The measure enjoyed solid support in the Senate but cleared the House of Representatives with only one vote to spare.
Under the university's fund-raising plan, top donors will be asked to make a one-time payment of $25,000 to secure up to eight courtside seats in the 2004-2005 season. An additional annual charge of up to $5,000 per seat will also be required. Those donations don't include the actual price of tickets.
Other seating areas will require much smaller one-time donations of $125 to $1,000 per season package and annual contributions of $125 to $2,000 per seat. Some seats will be available to nondonors.
Moccia said that over the long haul, season ticket packages at the new facility will be cheaper than those at the 31-year-old Hearnes Center, where the Tigers currently play.

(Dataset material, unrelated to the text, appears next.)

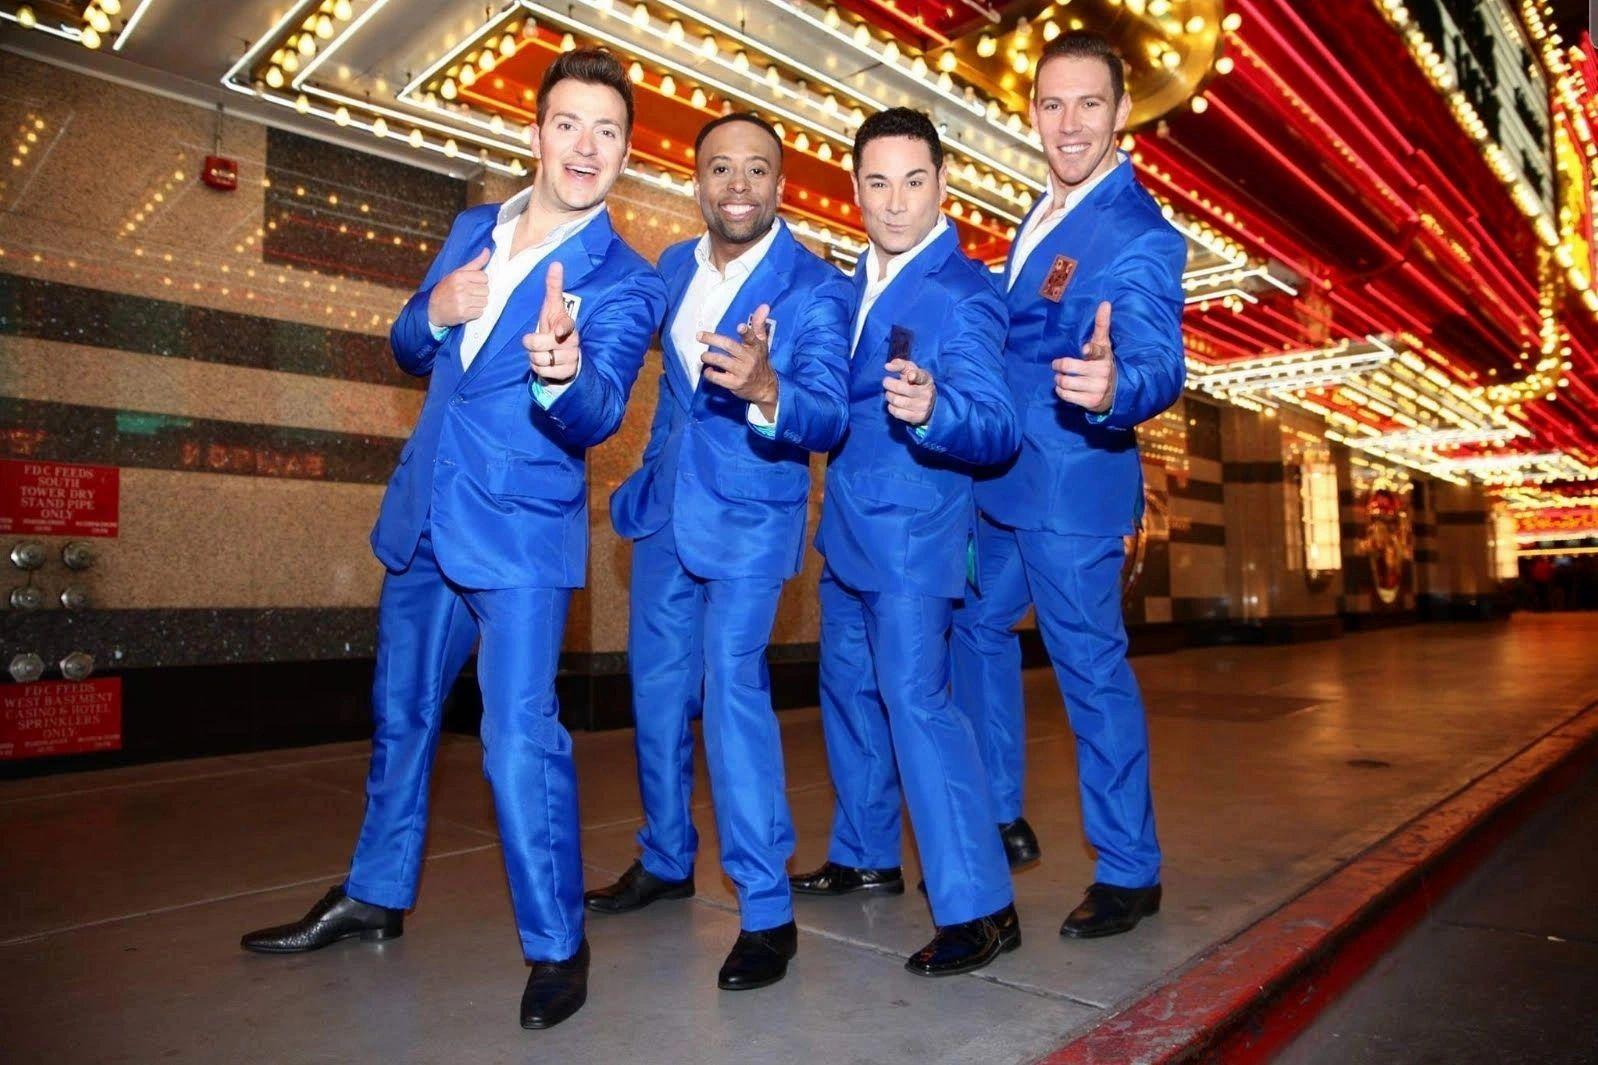 decorative image of four men in blue suits

The best seats at Hearnes require an annual donation of $7,500 per seat but no one-time contribution. Four seats over five years cost $150,000, Moccia said. At the new arena, that same package for five years, including the one-time donation, would cost $125,000.
The one-time contributions are expected to generate as much as $1 million a year for the first three years the facility is open before tapering off sharply. That money will be earmarked for a variety of capital improvement projects at MU athletics facilities.
The annual donations will go into the university's athletic scholarship fund.
John Rasmussen, director of the fund, said such donations for ticket privileges at the Hearnes Center raised $5.3 million last year.
If 80 percent of the seats requiring contributions were filled at the new facility, that figure would climb to $5.6 million a year, he said. The annual take would around $7.1 million if 100 percent of those seats were filled.